So many technological advancements will need to be made before we realize the dream of building a human-like robot that this goal is likely to remain a dream for many years to come. There are the control systems that must approximate the function of the brain, the actuators that will stand in for muscles, and of course, all of the perception systems required to mimic the human senses. While all of these areas have progressed significantly in recent years, they still lag far behind their biological counterparts.
Artificial vision and hearing are perhaps the most advanced of all senses, with high-quality sensing systems combining with artificial intelligence algorithms to offer up impressive performance. But the sense of touch, despite being incredibly important in understanding the world around us, has proven to be especially difficult to reproduce in machines. There are so many different cell types and signaling mechanisms densely packed into the skin that recreating it artificially is still beyond the reach of our best technology.
Testing the accuracy of the system’s perception (📷: Cambridge University)
That is likely to be the case for some time, but the efforts of a group of researchers at the University of Cambridge and University College London have moved the field forward with the development of a durable and highly-sensitive robotic skin. Rather than embedding a slew of traditional sensors into it like most robotic skins, this new solution is made of just a single material which allows the entire surface of the skin to act as if it were a dense array of sensors.
Constructed from a conductive gelatin-based hydrogel, the skin is soft, stretchable, and can be easily molded into complex shapes like the contours of a human hand.

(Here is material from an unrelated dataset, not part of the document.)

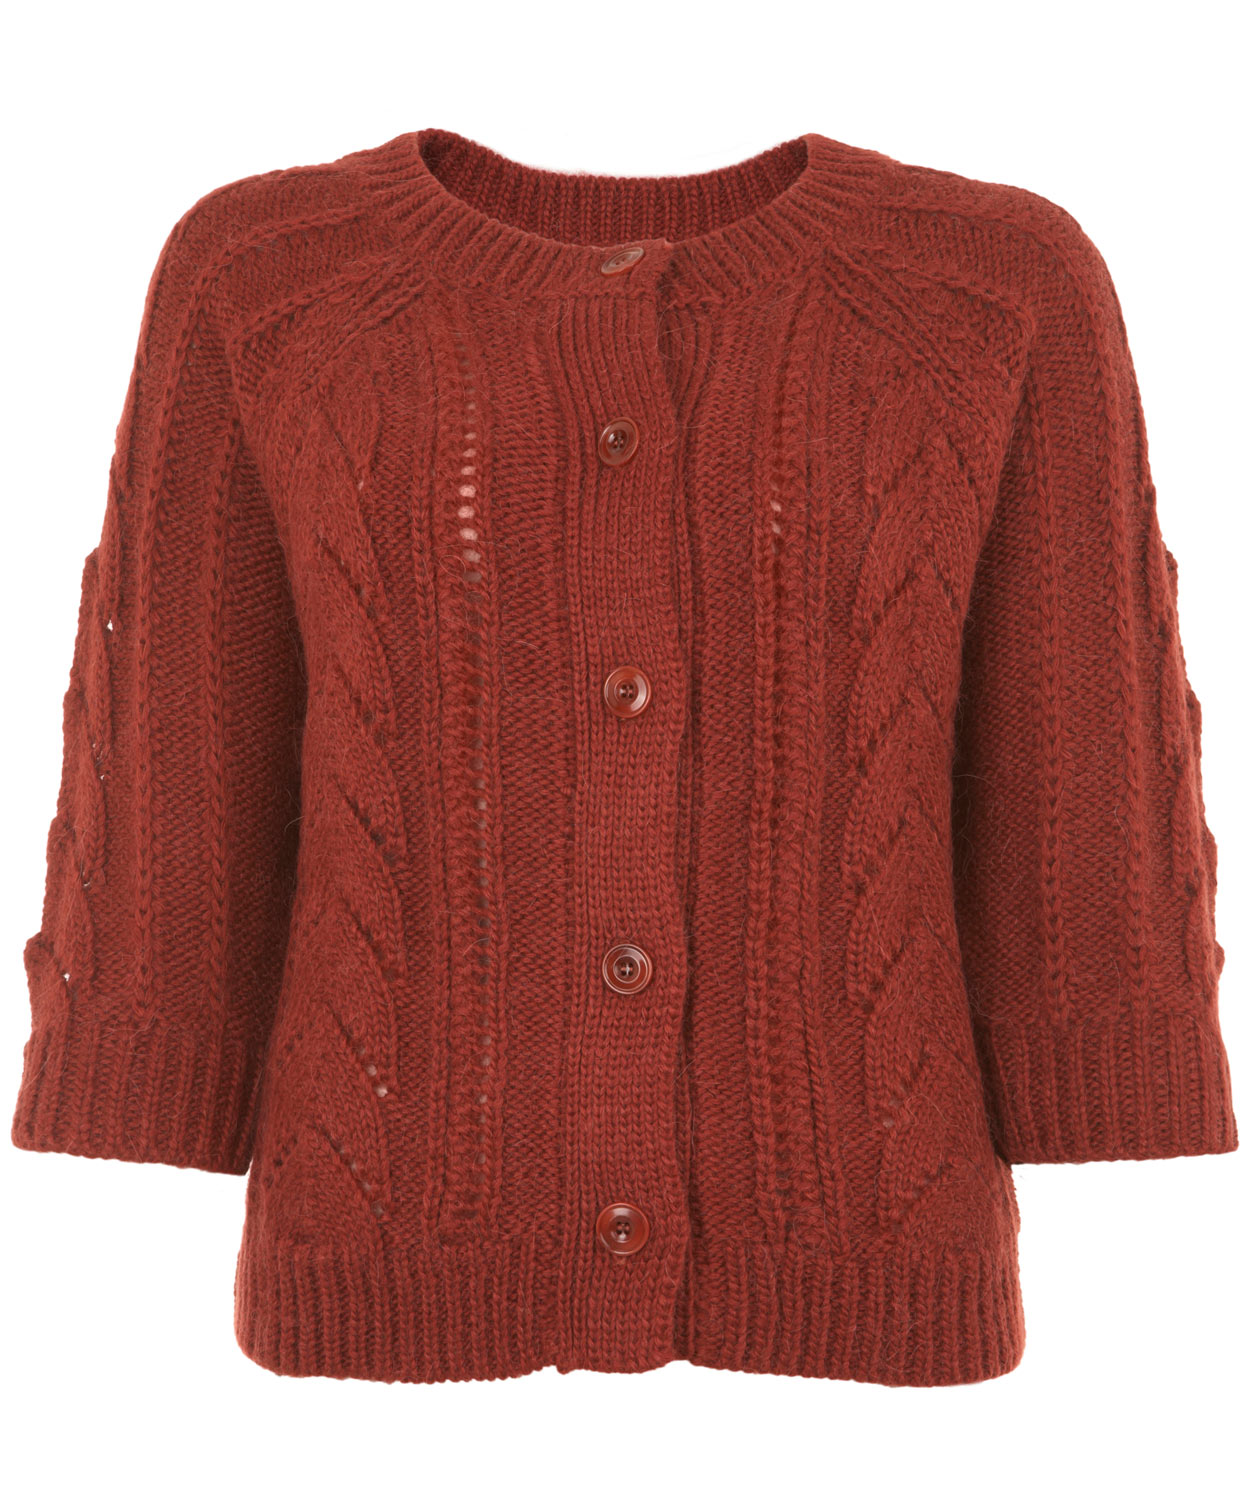 Sessun Burgundy Cable Knit Cropped Cardigan in Red - Lyst

Using electrical impedance tomography, the researchers were able to access over 860,000 unique conductive pathways across its surface. This effectively turns the hydrogel into a giant multimodal sensor, capable of detecting different types of physical input such as touch, pressure, heat, and even damage.

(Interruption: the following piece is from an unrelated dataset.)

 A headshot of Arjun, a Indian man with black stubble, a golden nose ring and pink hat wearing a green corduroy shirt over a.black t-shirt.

A machine learning model was developed to teach a robotic hand the meaning of different types of touch sensations. This model was trained by subjecting the robotic skin to a variety of interactions. The team pressed it with fingers and robotic tools, applied localized heat, and even cut into it with a scalpel. The model then analyzed the massive amount of data collected (over 1.7 million data points from just 32 electrodes at the wrist of a molded hydrogel hand) to determine which signals were most useful in identifying the nature of each stimulus.
This data-driven approach allows the robotic skin to distinguish between a range of contacts, such as gentle touches, sharp impacts, or localized heating, with a degree of sensitivity unmatched by previous systems. Importantly, the material achieves this without needing separate embedded sensors for each modality, making it simpler and more cost-effective to manufacture.
Looking ahead, the team aims to improve the durability of the material and further validate its performance in real-world robotic applications. As tactile sensing moves closer to the richness of biological skin, we inch closer to being able to build machines that can truly interact with the world as we do.